[h=1]I was poor, but a GOP die-hard: How I finally left the politics of shame[/h] [h=2]I hated government -- even as it was the only thing trying to save me. Here's how, one day, I finally saw the light[/h] Edwin Lyngar
A photo of the author
I was a 20-year-old college dropout with no more than $100 in the bank the day my son was born in 1994. I’d been in the Coast Guard just over six months. Joining the service was my solution to a lot of problems, not the least of which was being married to a pregnant, 19-year-old fellow dropout. We were poor, and my overwhelming response to poverty was a profound shame that drove me into the arms of the people least willing to help — conservatives.
Just before our first baby arrived, my wife and I walked into the social services office near the base where I was stationed in rural North Carolina. “You qualify for WIC and food stamps,” the middle-aged woman said. I don’t know whether she disapproved of us or if all social services workers in the South oozed an understated unpleasantness. We took the Women, Infants, Children vouchers for free peanut butter, cheese and baby formula and got into the food stamp line.
Looking around, I saw no other young servicemen. Coming from the white working class, I’d always been taught that food stamps were for the “others” — failures, drug addicts or immigrants, maybe — not for real Americans like me. I could not bear the stigma, so we walked out before our number was called.
Even though we didn’t take the food stamps, we lived in the warm embrace of the federal government with subsidized housing and utilities, courtesy of Uncle Sam. Yet I blamed all of my considerable problems on the government, the only institution that was actively working to alleviate my suffering. I railed against government spending (i.e., raising my own salary). At the same time, the earned income tax credit was the only way I could balance my budget at the end of the year.
I felt my own poverty was a moral failure. To support my feelings of inadequacy, every move I made only pushed me deeper into poverty. I bought a car and got screwed on the financing. The credit I could get, I overused and was overpriced to start with.
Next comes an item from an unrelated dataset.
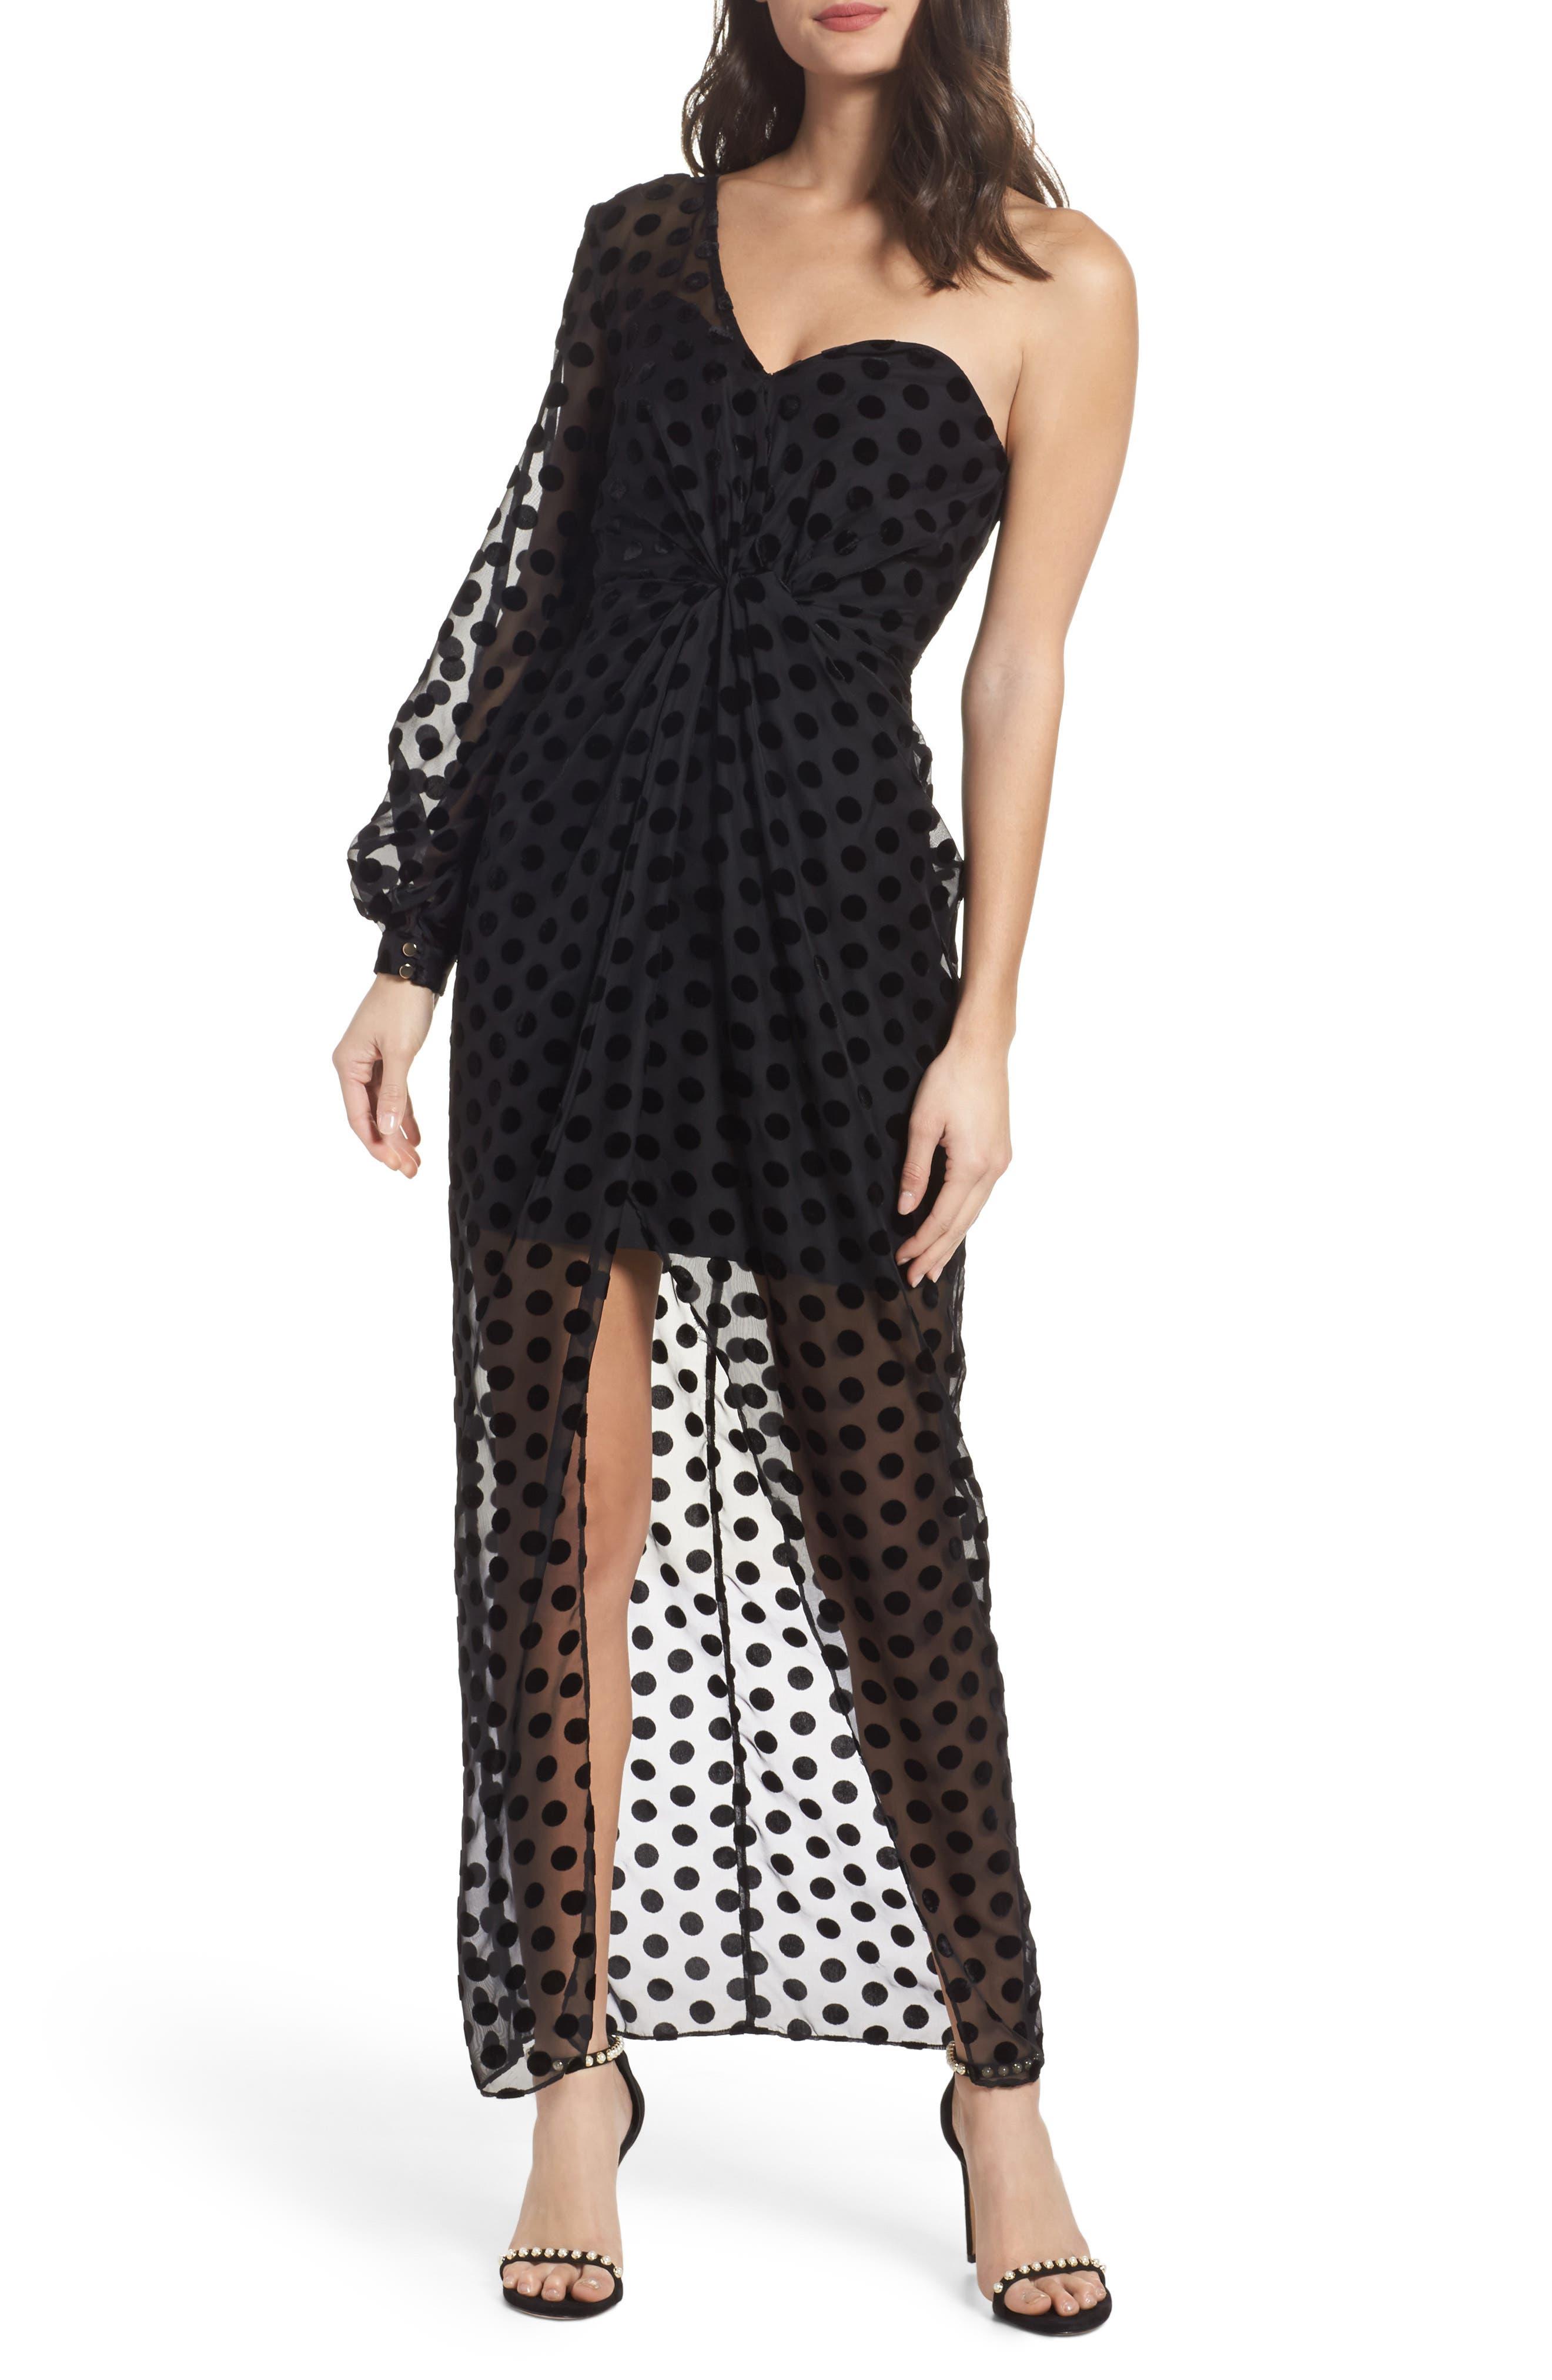 Alternate Image 1 Selected - Keepsake the Label Exhale One Shoulder Polka Dot Dress

My wife couldn’t get or keep a job, and we could not afford reliable day care in any case. I was naive, broke and uneducated but still felt entitled to a middle-class existence.
If you had taken WIC and the EITC away from me, my son would still have eaten, but my life would have been much more miserable. Without government help, I would have had to borrow money from my family more often. I borrowed money from my parents less than a handful of times, but I remember every single instance with a burning shame. To ask for money was to admit defeat, to be a de facto loser.
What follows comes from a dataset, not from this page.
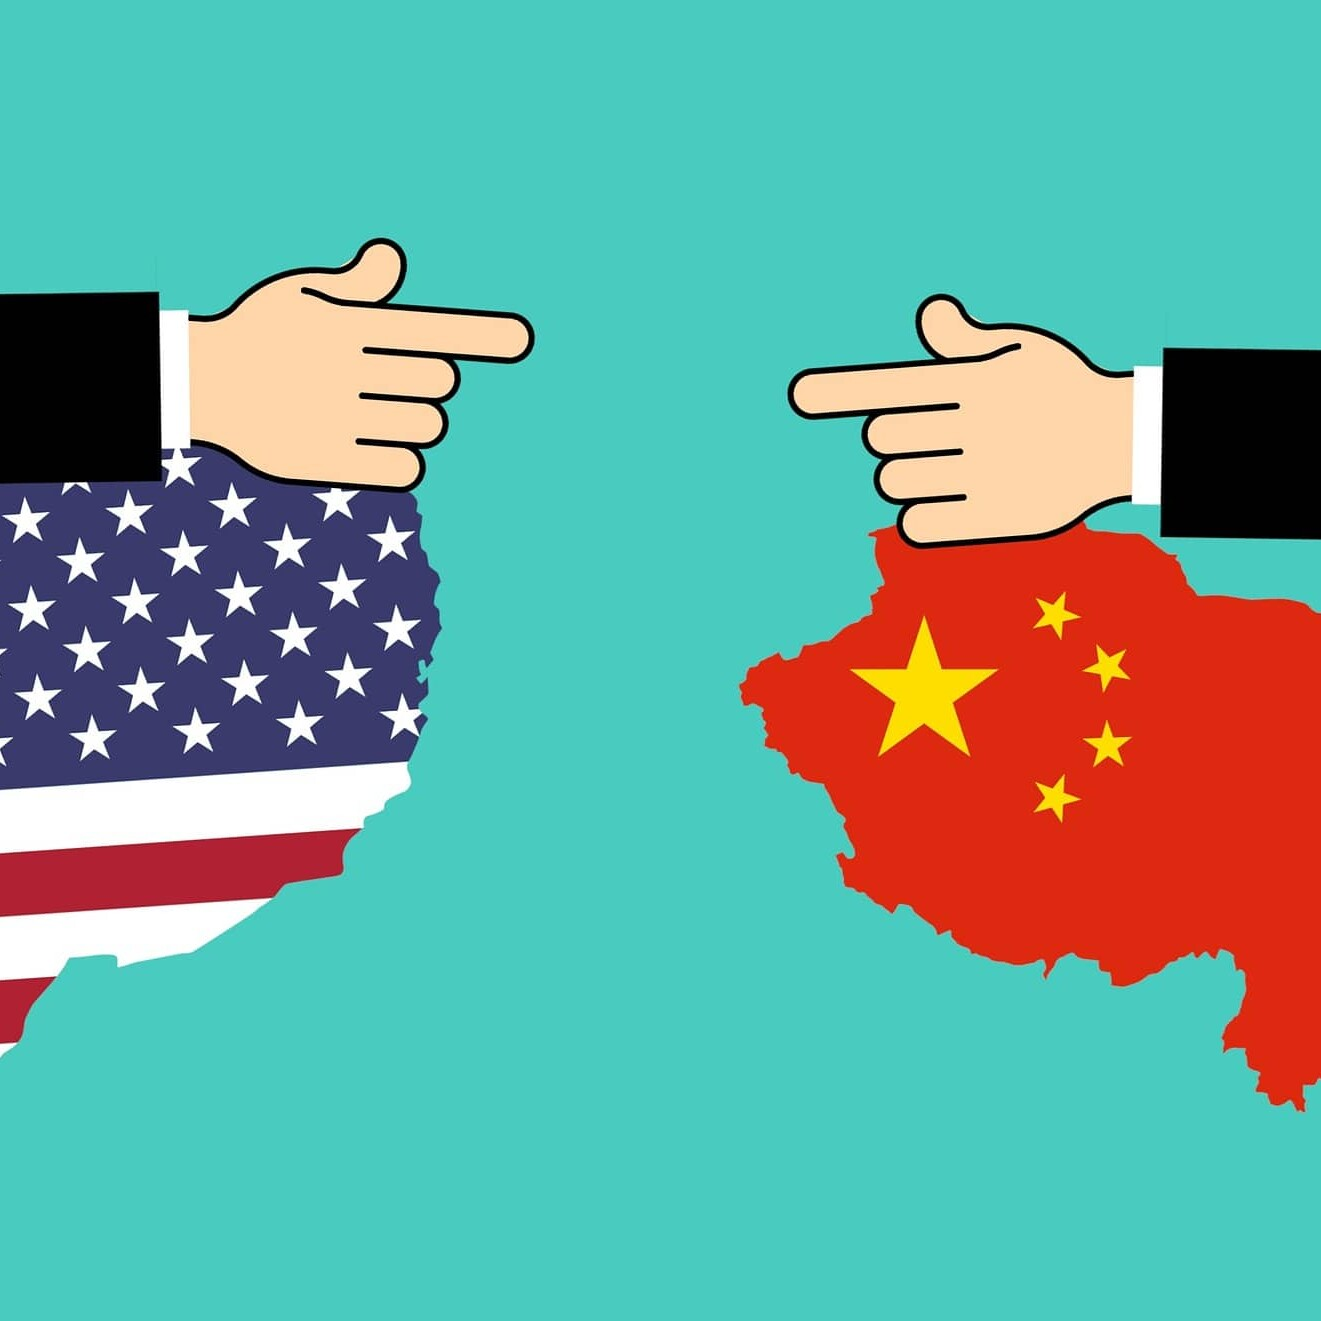 La Cina ha vinto la guerra commerciale con Trump

To make up for my own failures, I voted to give rich people tax cuts, because somewhere deep inside, I knew they were better than me. They earned it. My support for conservative politics was atonement for the original sin of being white trash.
In my second tour of duty, I grew in rank and my circumstances improved. I voted for George W. Bush. I sent his campaign money, even though I had little to spare. During the Bush v. Gore recount, I grabbed a sign and walked the streets of San Francisco to protest, carrying my toddler on my shoulders. I got emotional, thinking of “freedom.”
Sometime after he took office, I watched Bush speak at an event. He talked of tax cuts. “It’s the people’s money,” he said. By then I was making even better money, but I didn’t care about tax cuts for myself. I was still paying little if any income tax, but I believed in “fairness.” The “death tax” (aka the estate tax) was unfair and rich people paid more taxes so they should get more of a tax break. I ignored my own personal struggles when I made political decisions.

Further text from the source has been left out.